■ Data records

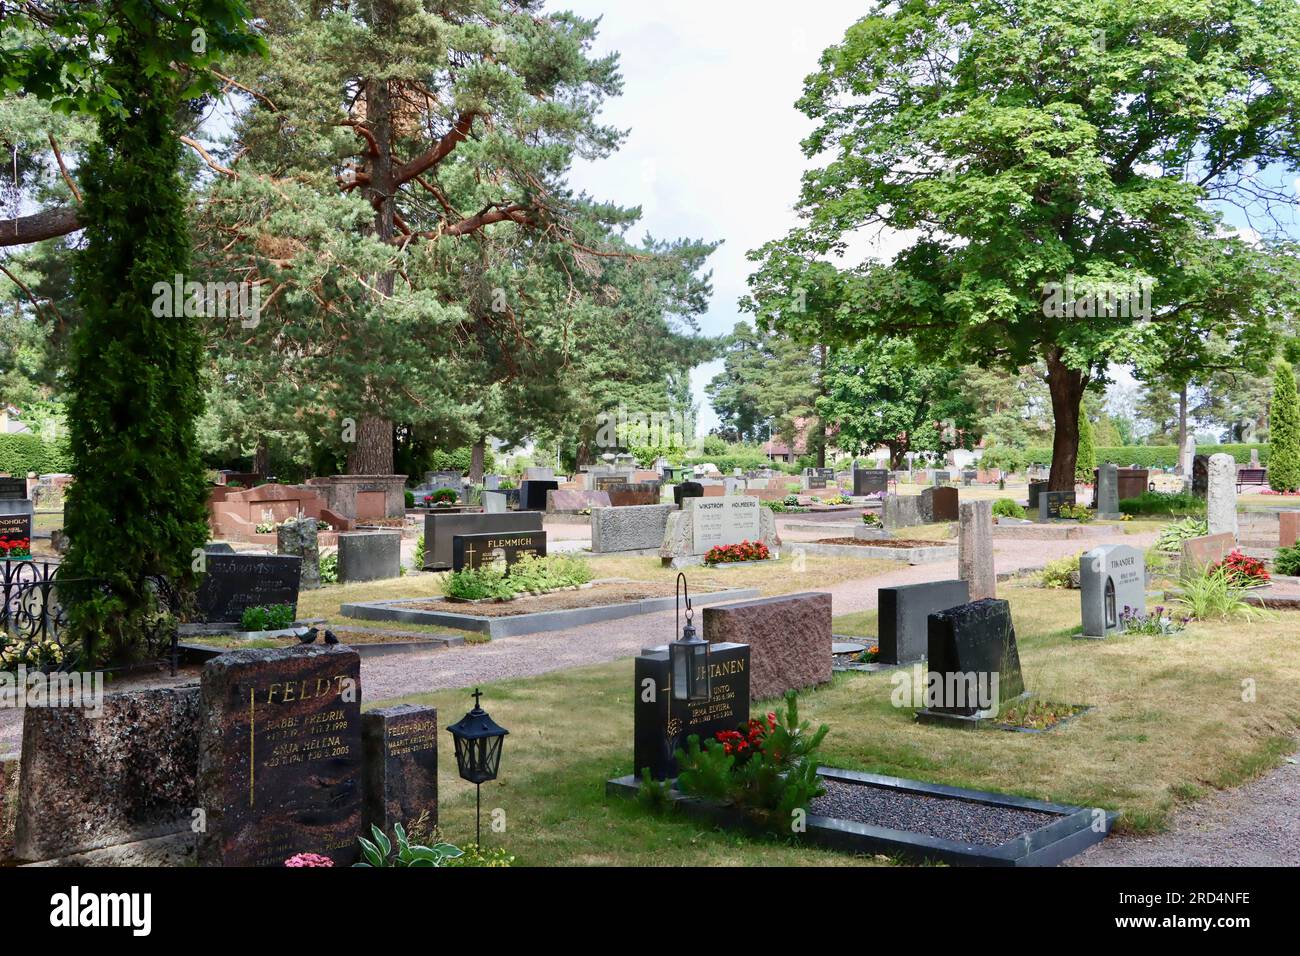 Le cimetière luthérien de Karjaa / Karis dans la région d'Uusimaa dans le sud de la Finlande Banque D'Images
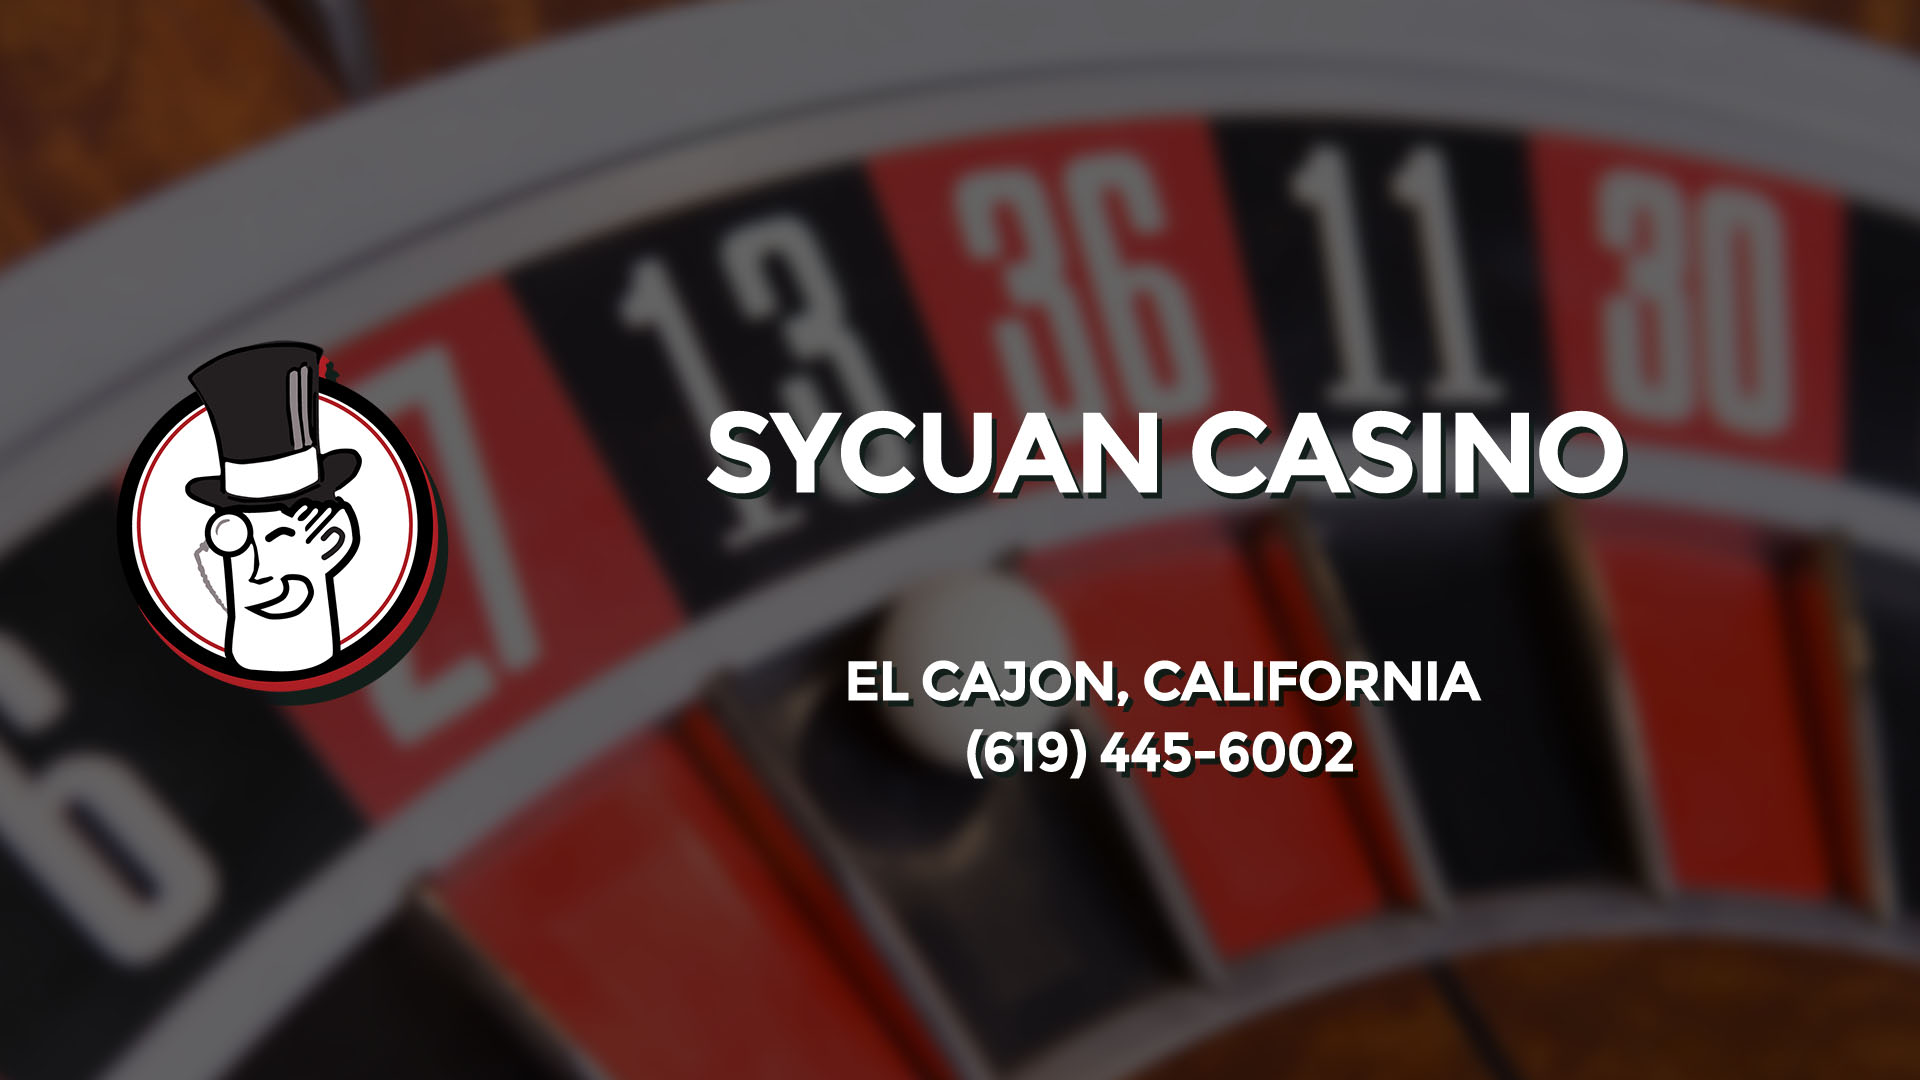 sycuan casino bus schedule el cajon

---

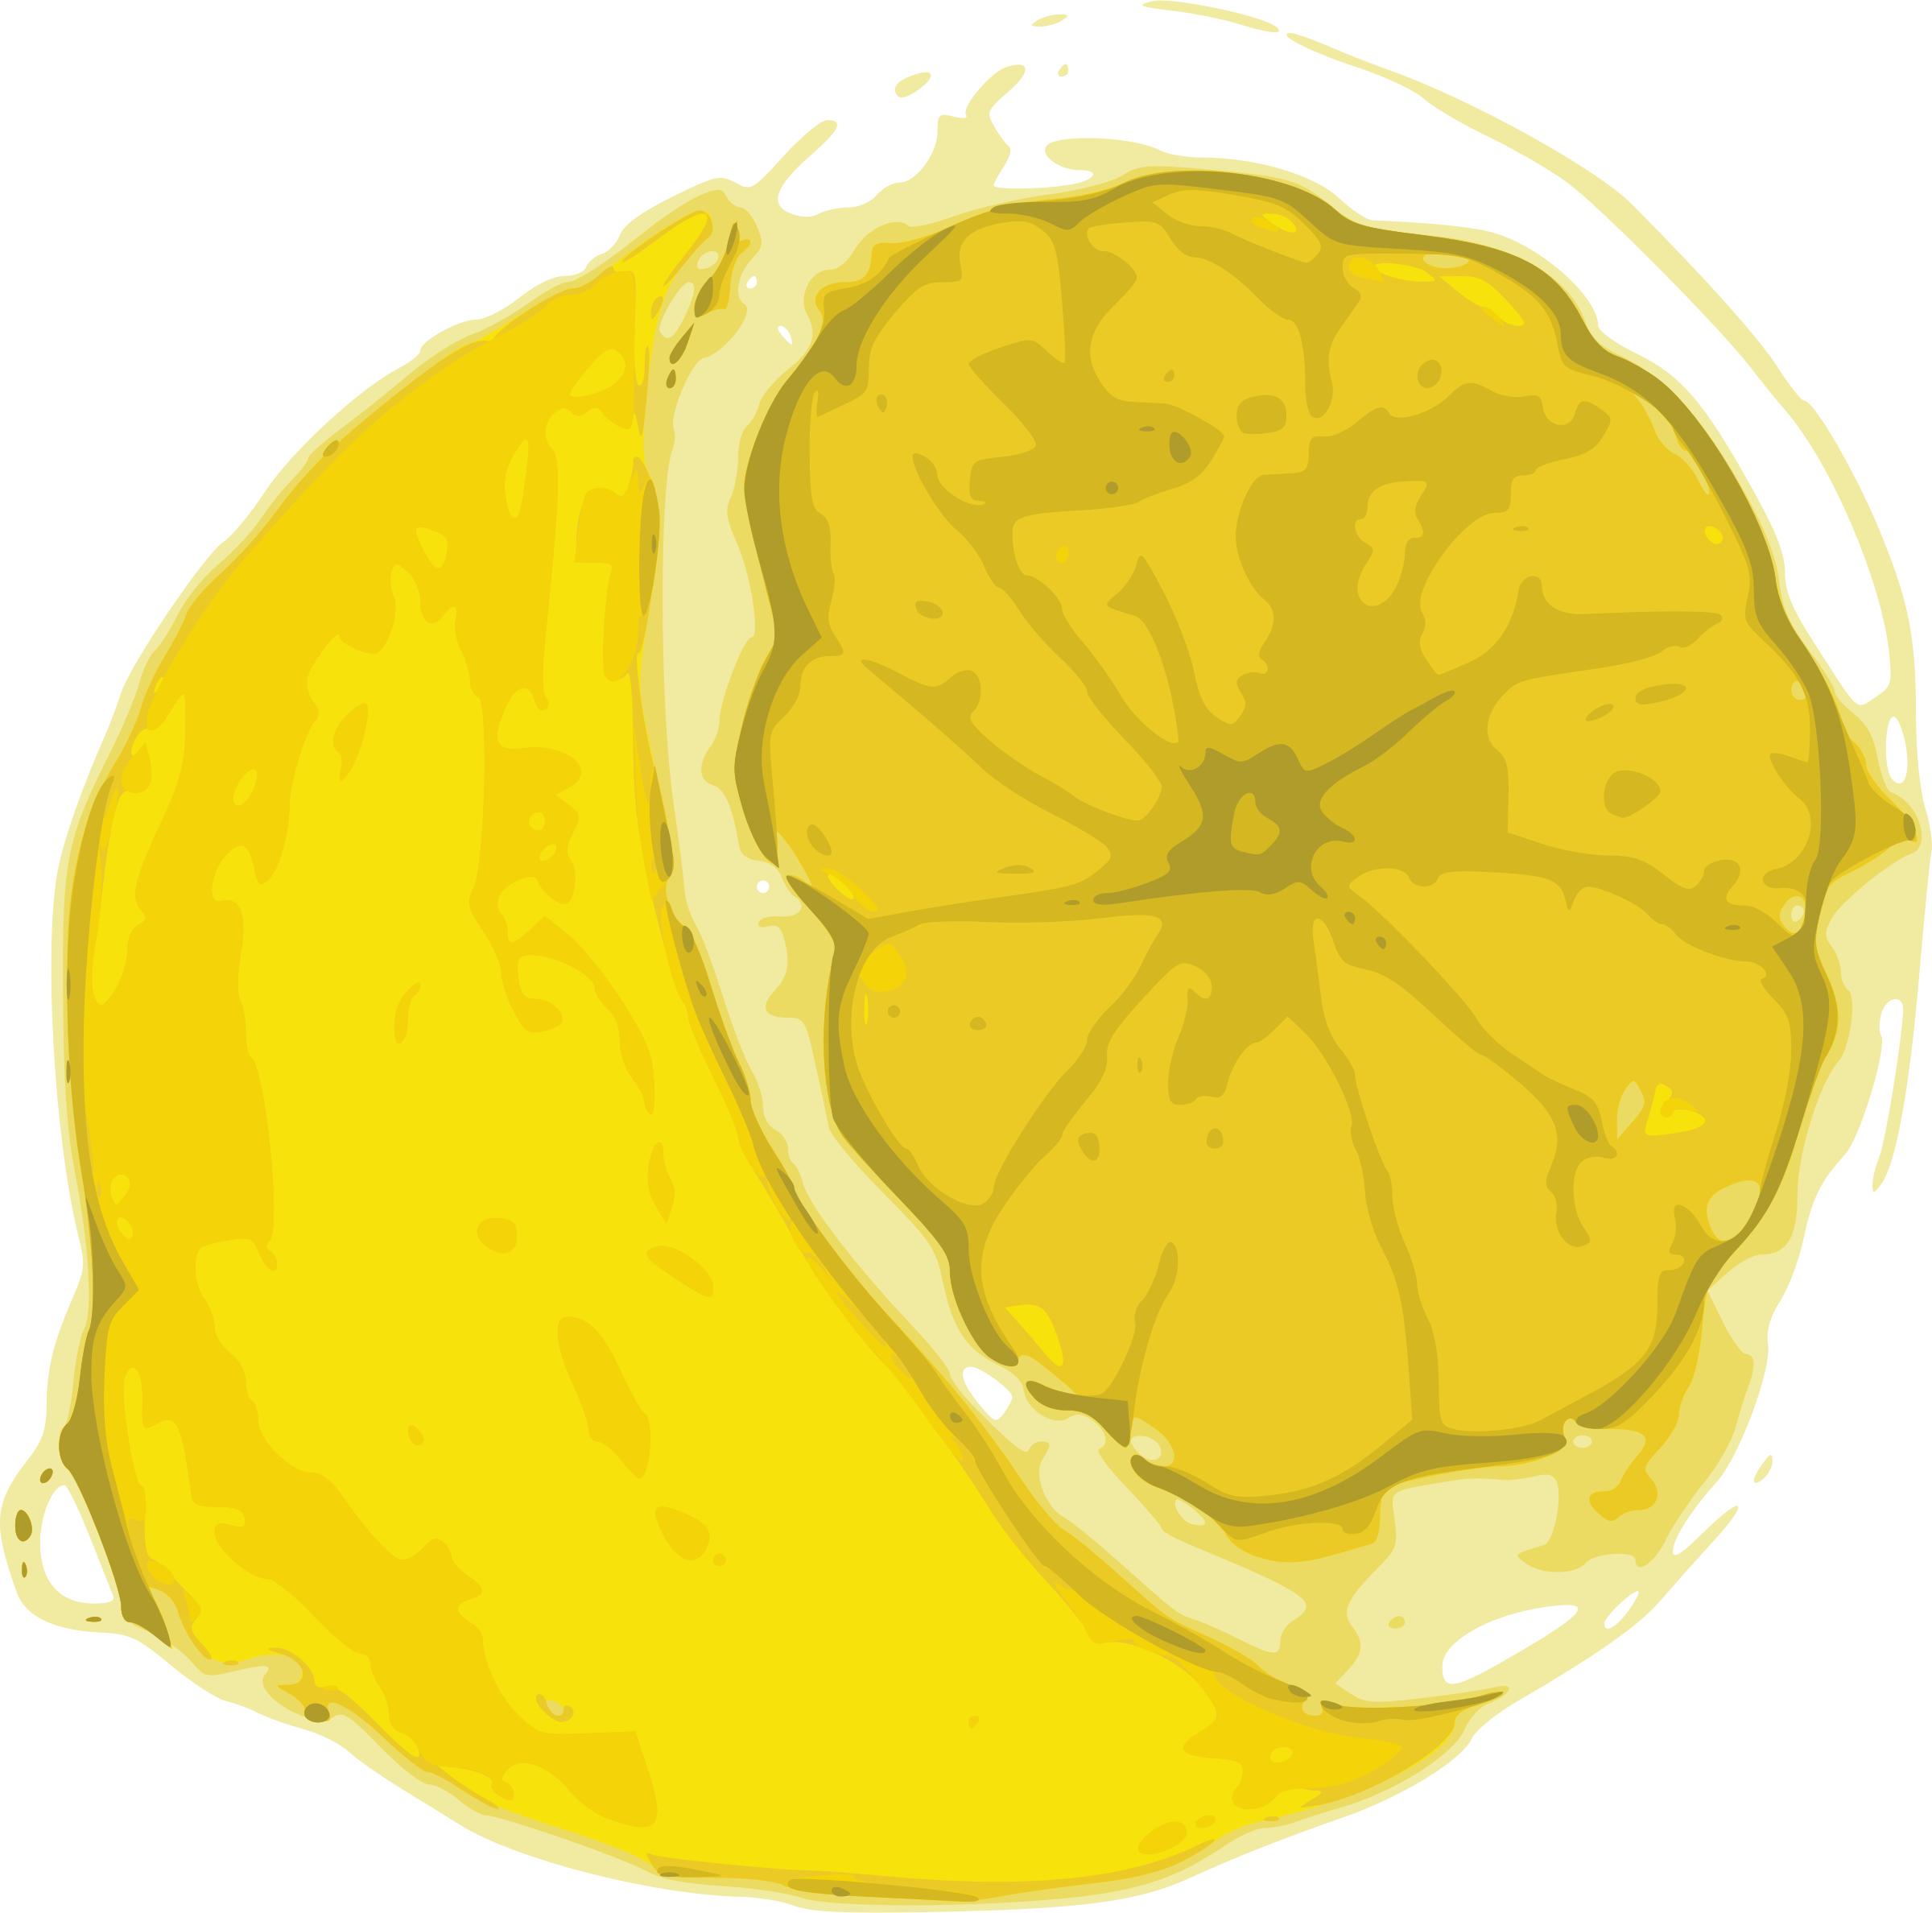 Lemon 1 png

--

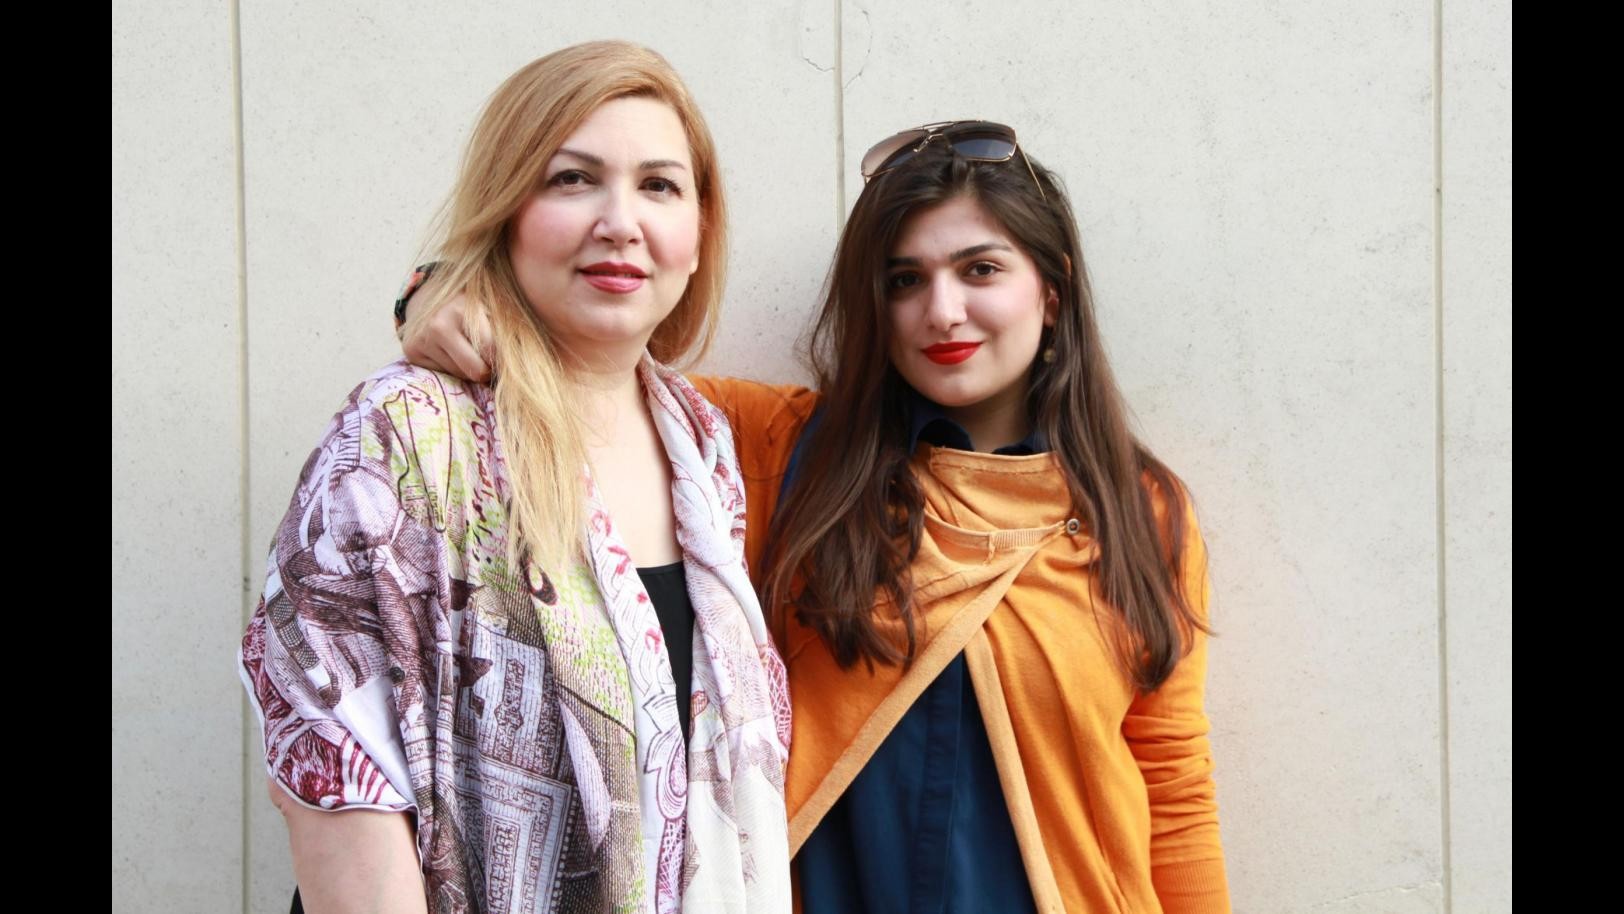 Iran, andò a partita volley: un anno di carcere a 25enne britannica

■ Task requirements
The data above holds the lines to copy: start at the one with "Le cimetière luthérien", stop at the one with "sycuan casino bus schedule el cajon", include both, copy them exactly without pictures, and copy nothing else.

■ Reply to the task
 Le cimetière luthérien de Karjaa / Karis dans la région d'Uusimaa dans le sud de la Finlande Banque D'Images
 sycuan casino bus schedule el cajon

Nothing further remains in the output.